BEGIN Collected data
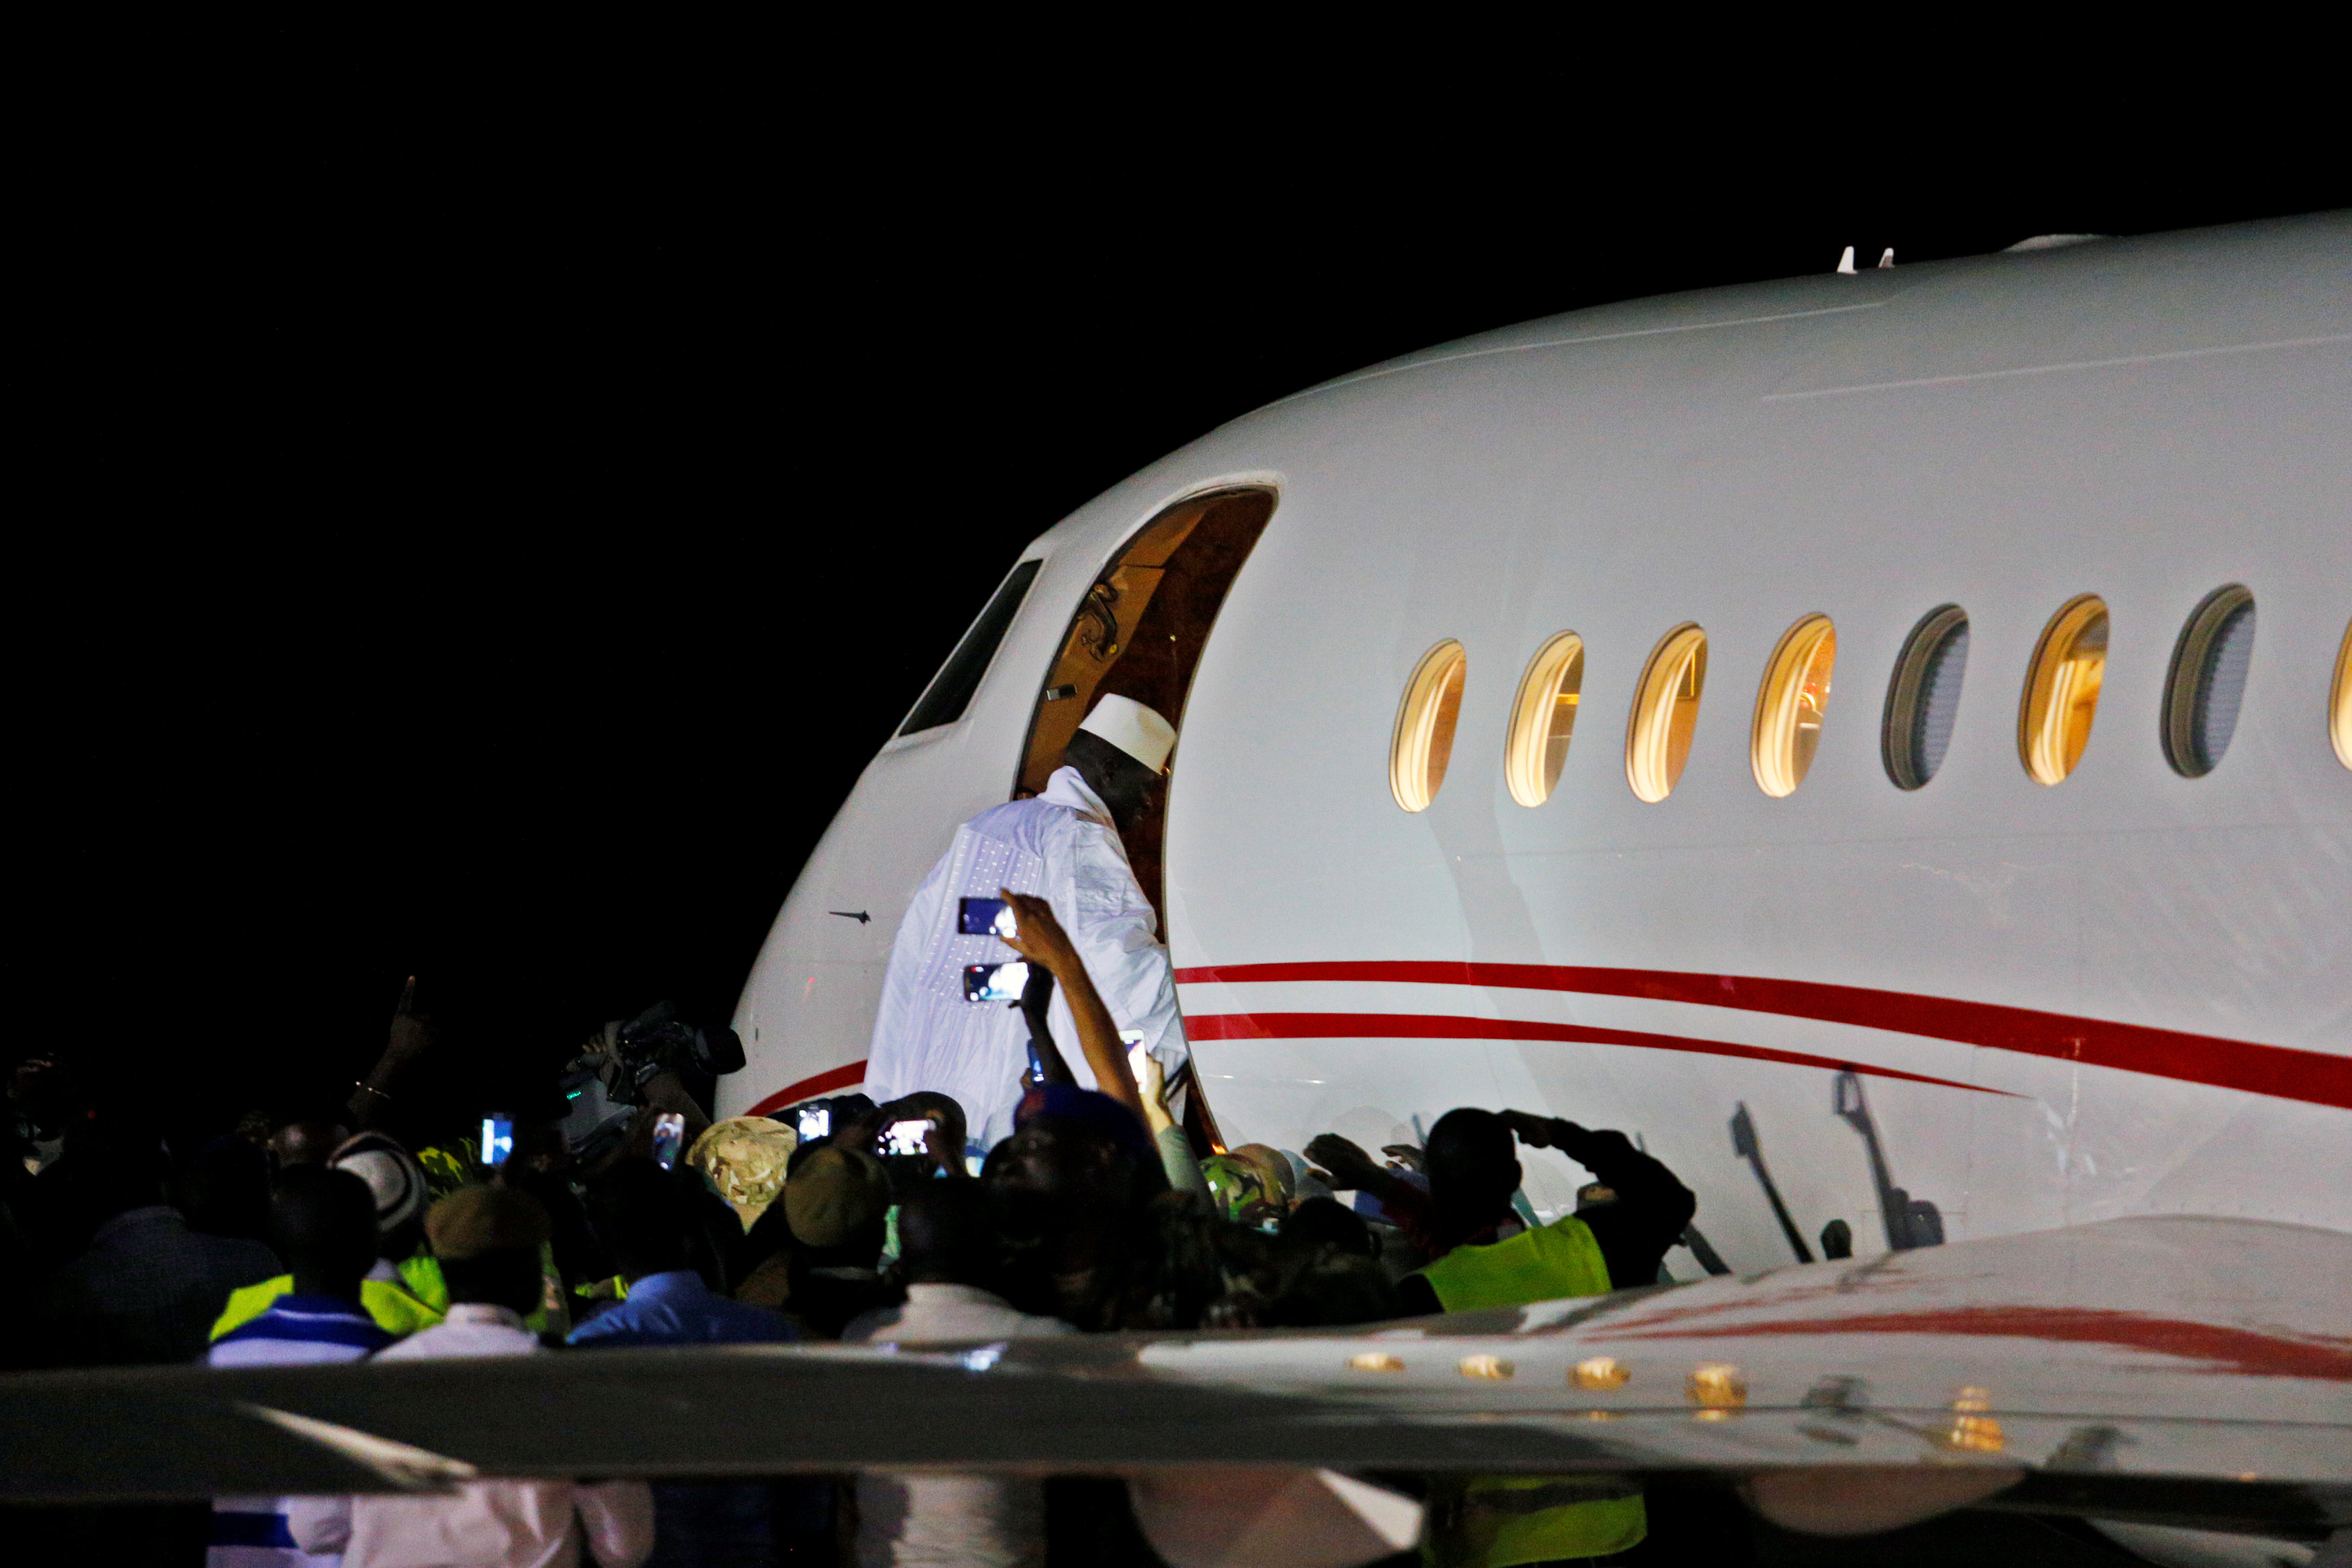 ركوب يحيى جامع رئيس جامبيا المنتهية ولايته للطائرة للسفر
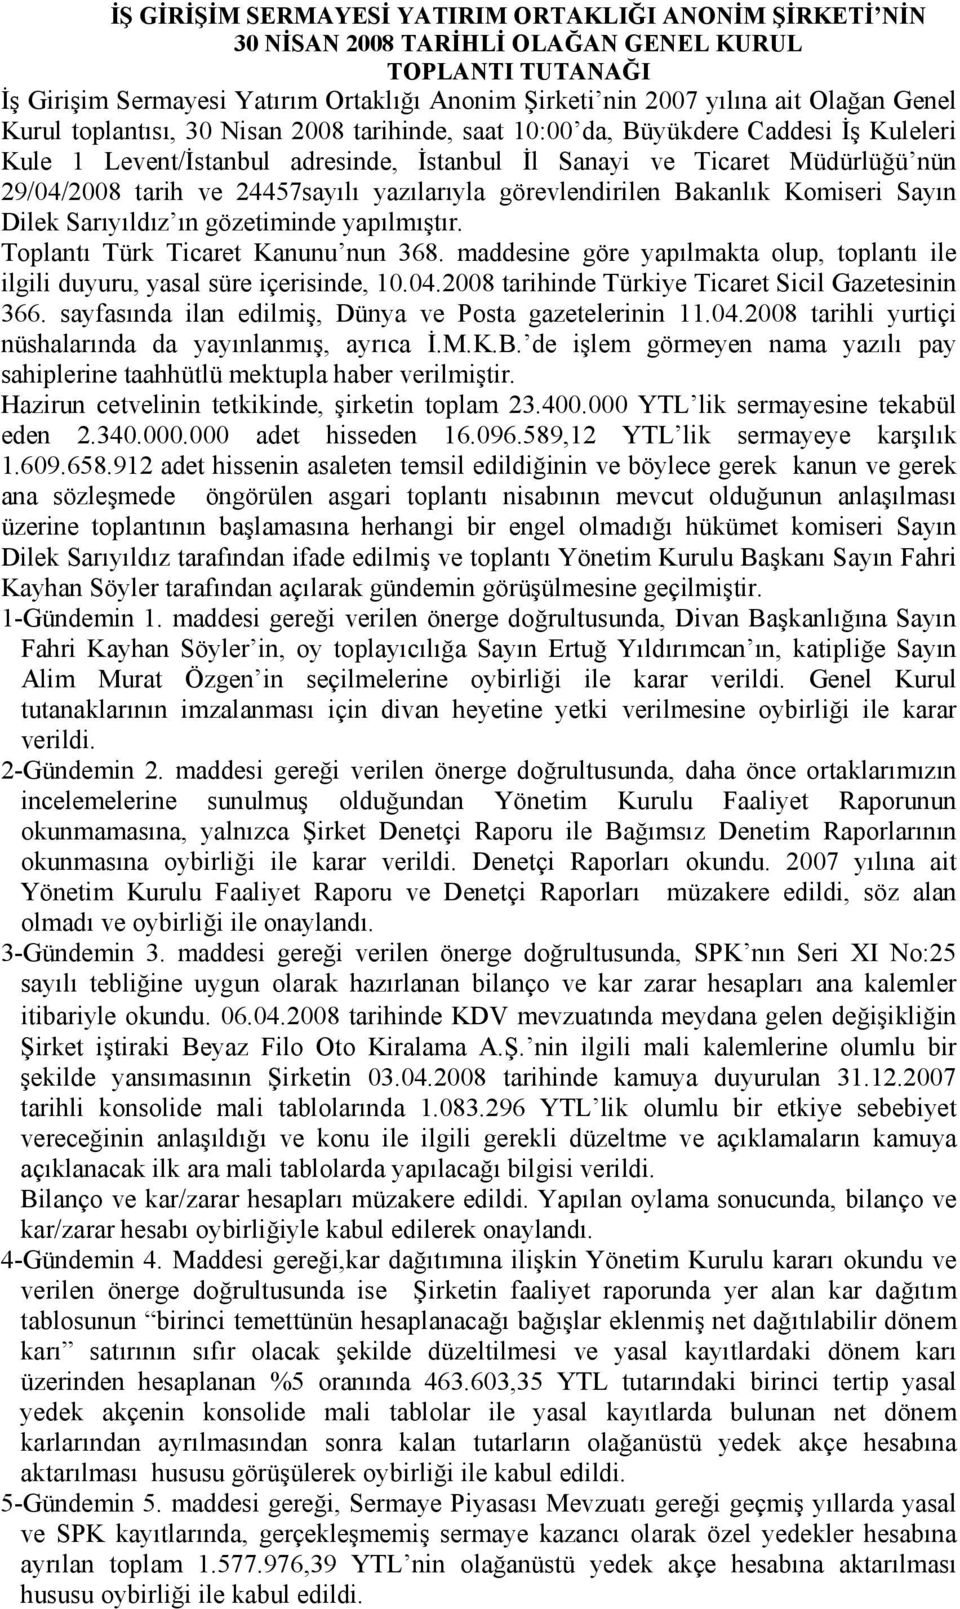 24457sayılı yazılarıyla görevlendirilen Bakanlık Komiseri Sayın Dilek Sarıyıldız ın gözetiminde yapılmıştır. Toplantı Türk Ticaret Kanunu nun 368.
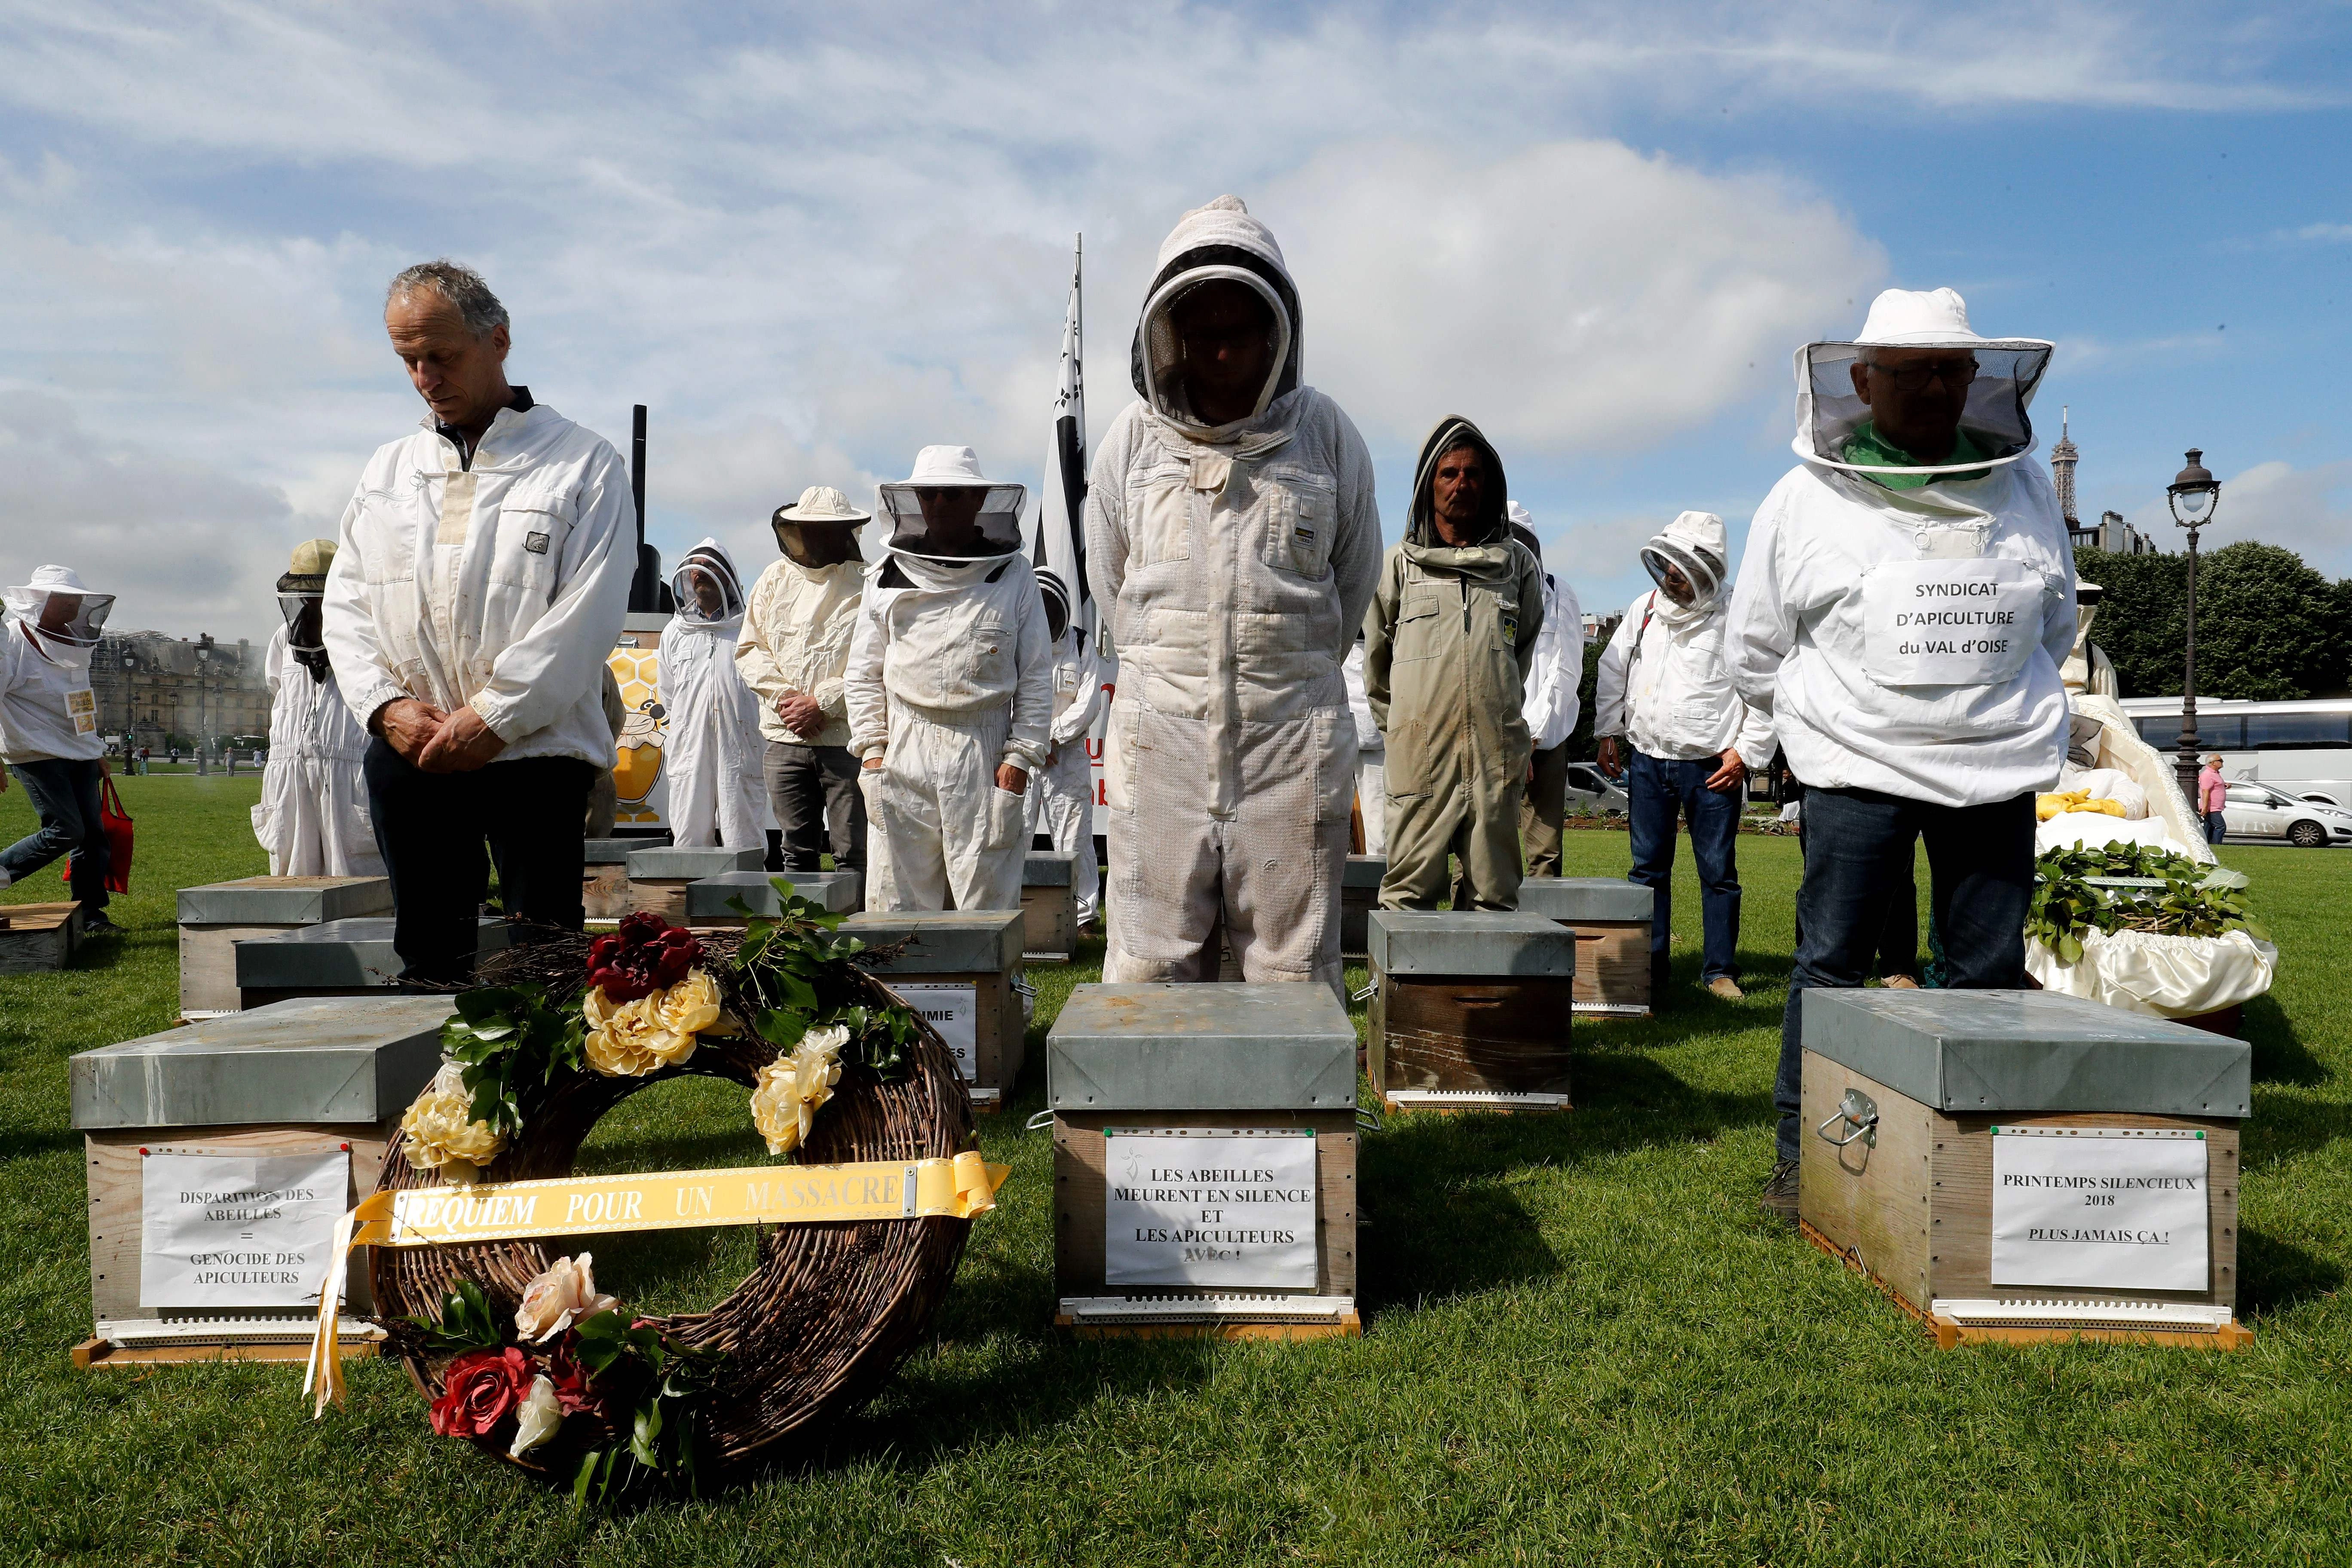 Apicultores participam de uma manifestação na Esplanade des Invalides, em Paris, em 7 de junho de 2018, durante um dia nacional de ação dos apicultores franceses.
END Collected data
A word-for-word copy of the listing is the goal; keep every picture out of it.

_The answer_.
 ركوب يحيى جامع رئيس جامبيا المنتهية ولايته للطائرة للسفر
 24457sayılı yazılarıyla görevlendirilen Bakanlık Komiseri Sayın Dilek Sarıyıldız ın gözetiminde yapılmıştır. Toplantı Türk Ticaret Kanunu nun 368.
 Apicultores participam de uma manifestação na Esplanade des Invalides, em Paris, em 7 de junho de 2018, durante um dia nacional de ação dos apicultores franceses.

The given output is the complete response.